** Data provided follows **

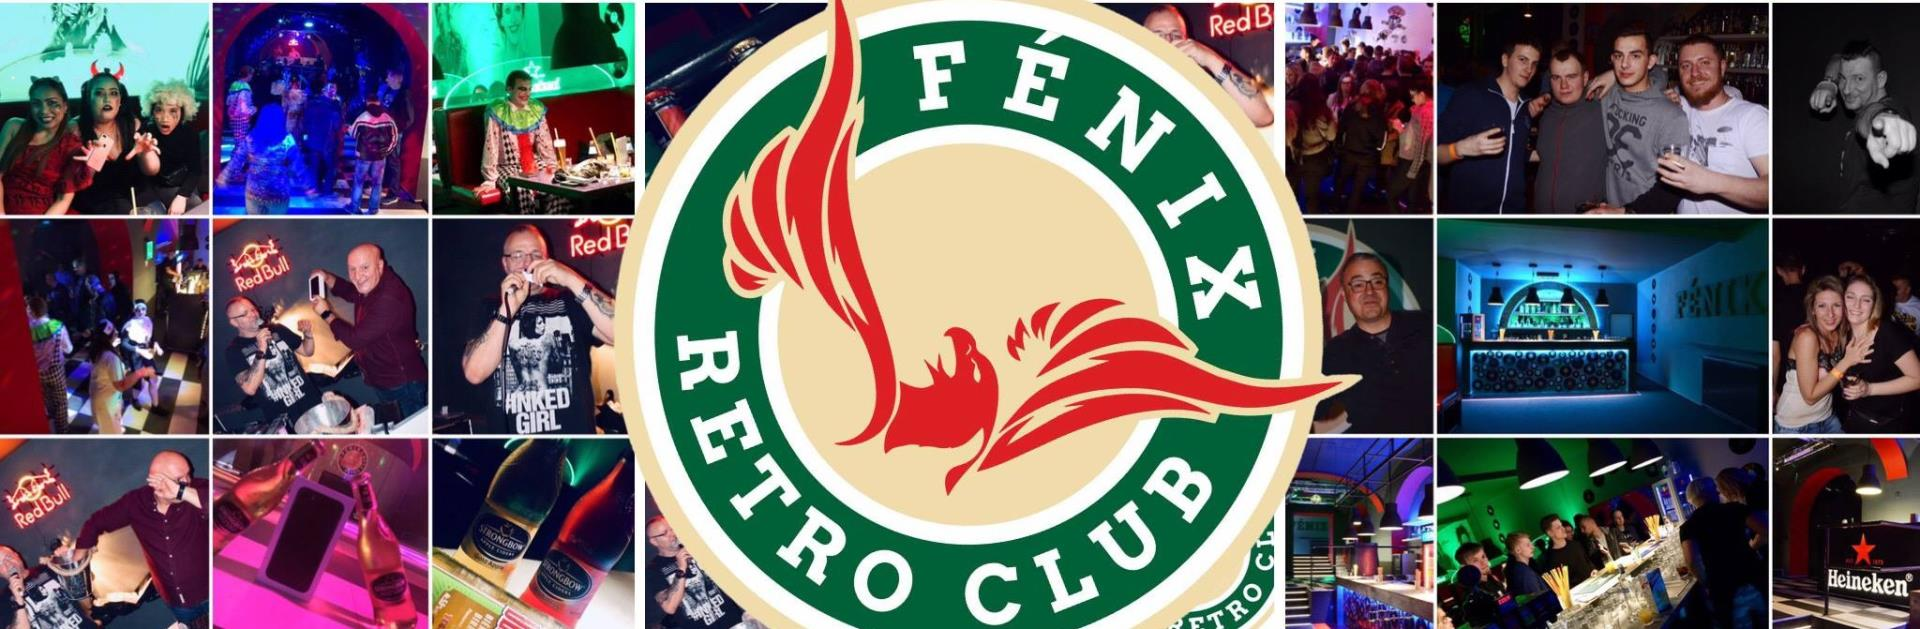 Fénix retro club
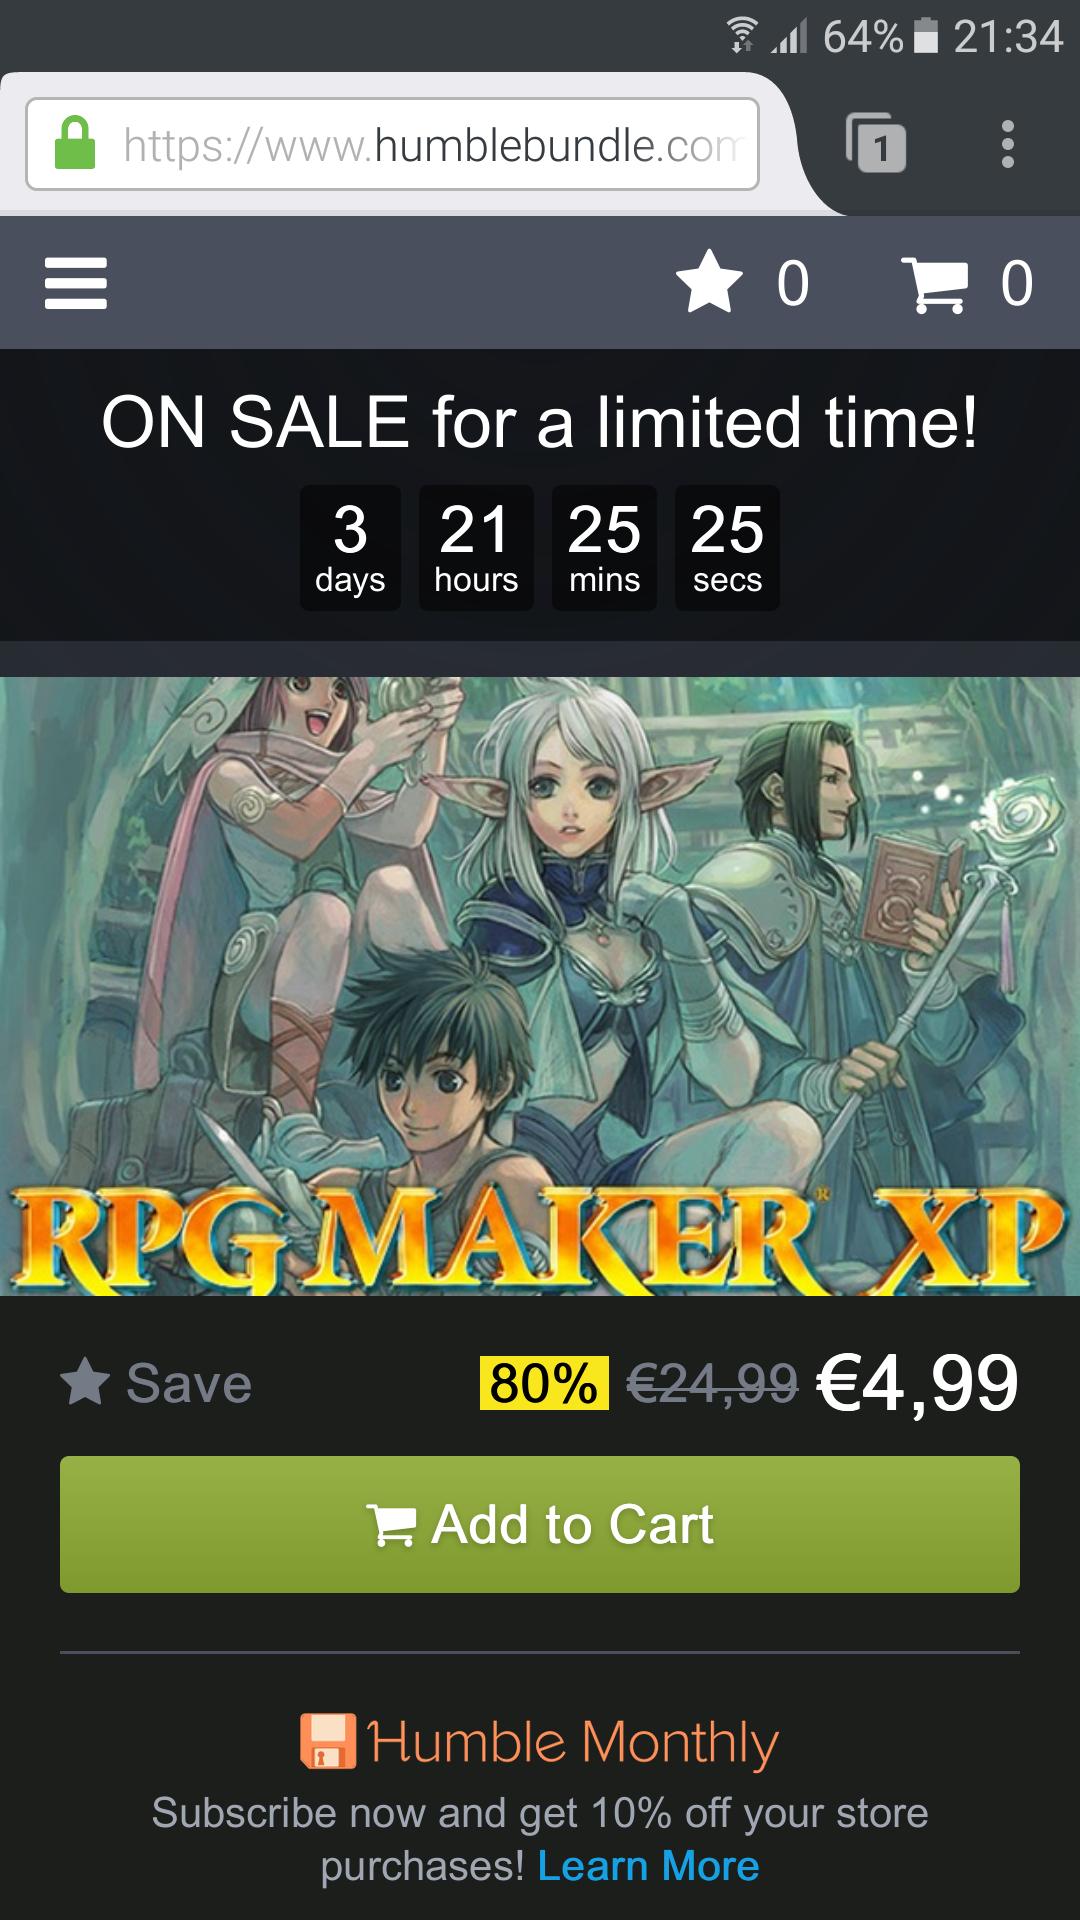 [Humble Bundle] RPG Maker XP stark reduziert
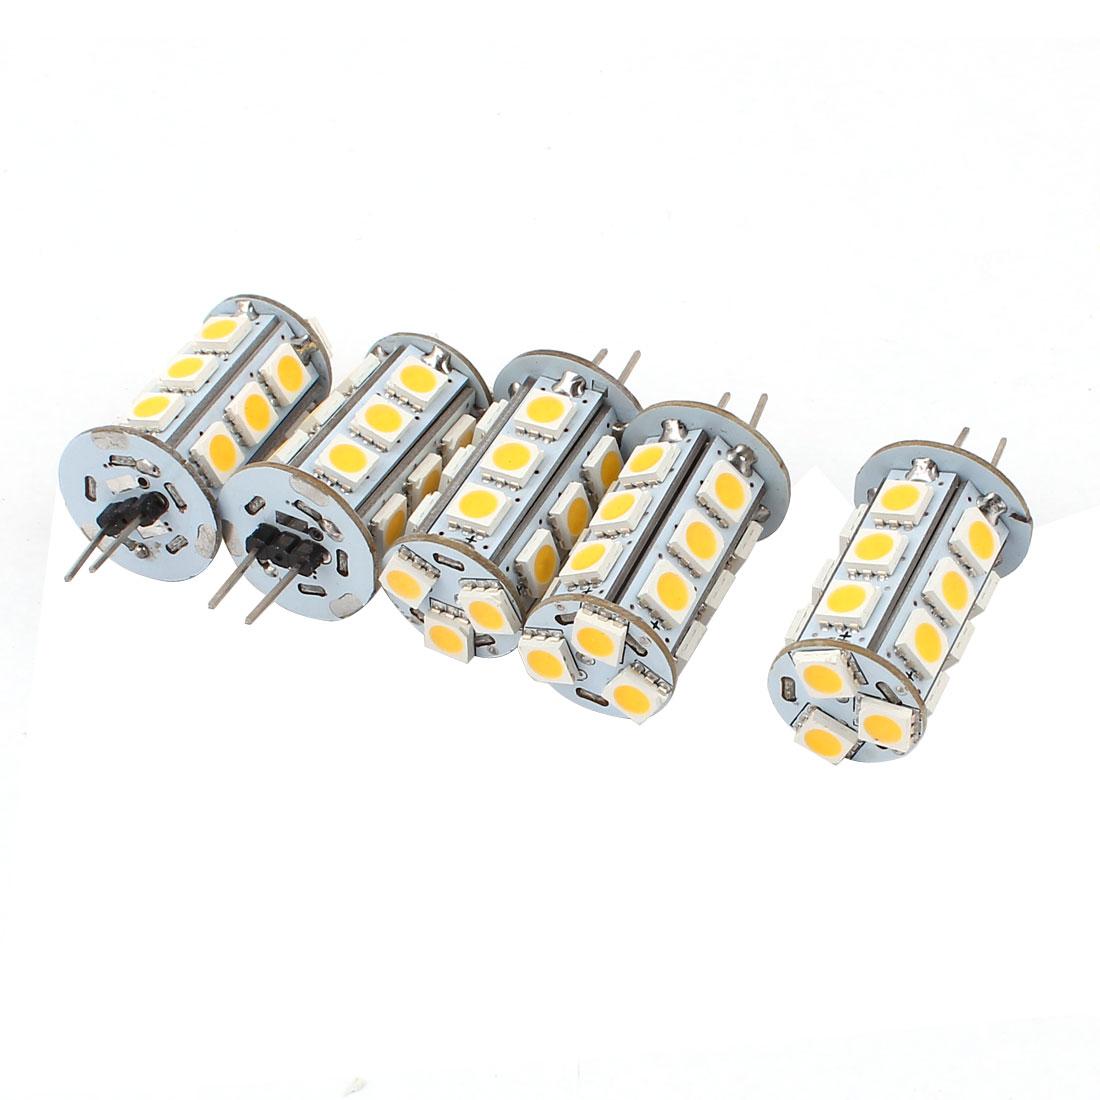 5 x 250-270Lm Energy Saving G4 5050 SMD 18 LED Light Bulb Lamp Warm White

** End of Data provided **
** Data provided follows **

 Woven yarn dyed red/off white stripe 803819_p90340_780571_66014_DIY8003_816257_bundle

** End of Data provided **
** Data provided follows **

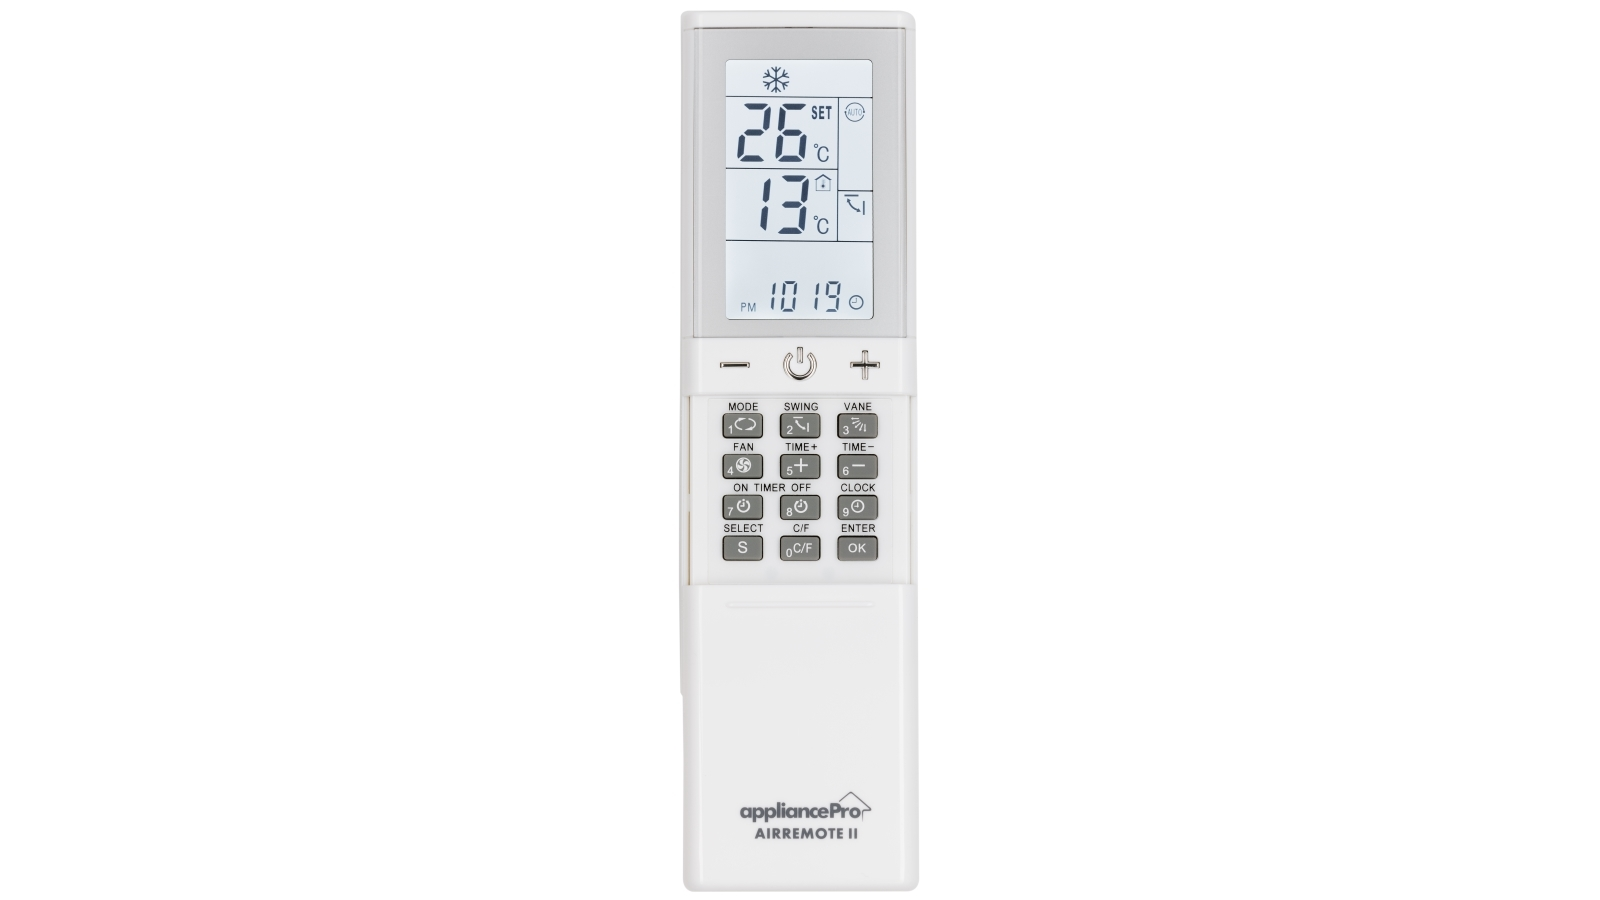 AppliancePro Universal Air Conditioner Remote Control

** End of Data provided **

» Task requirements: Although pictures appear among the records above, none are to be output; print exactly the lines from the line containing "Fénix retro club" through the line containing "5 x 250-270Lm".

» Solution below:
 Fénix retro club
 [Humble Bundle] RPG Maker XP stark reduziert
 5 x 250-270Lm Energy Saving G4 5050 SMD 18 LED Light Bulb Lamp Warm White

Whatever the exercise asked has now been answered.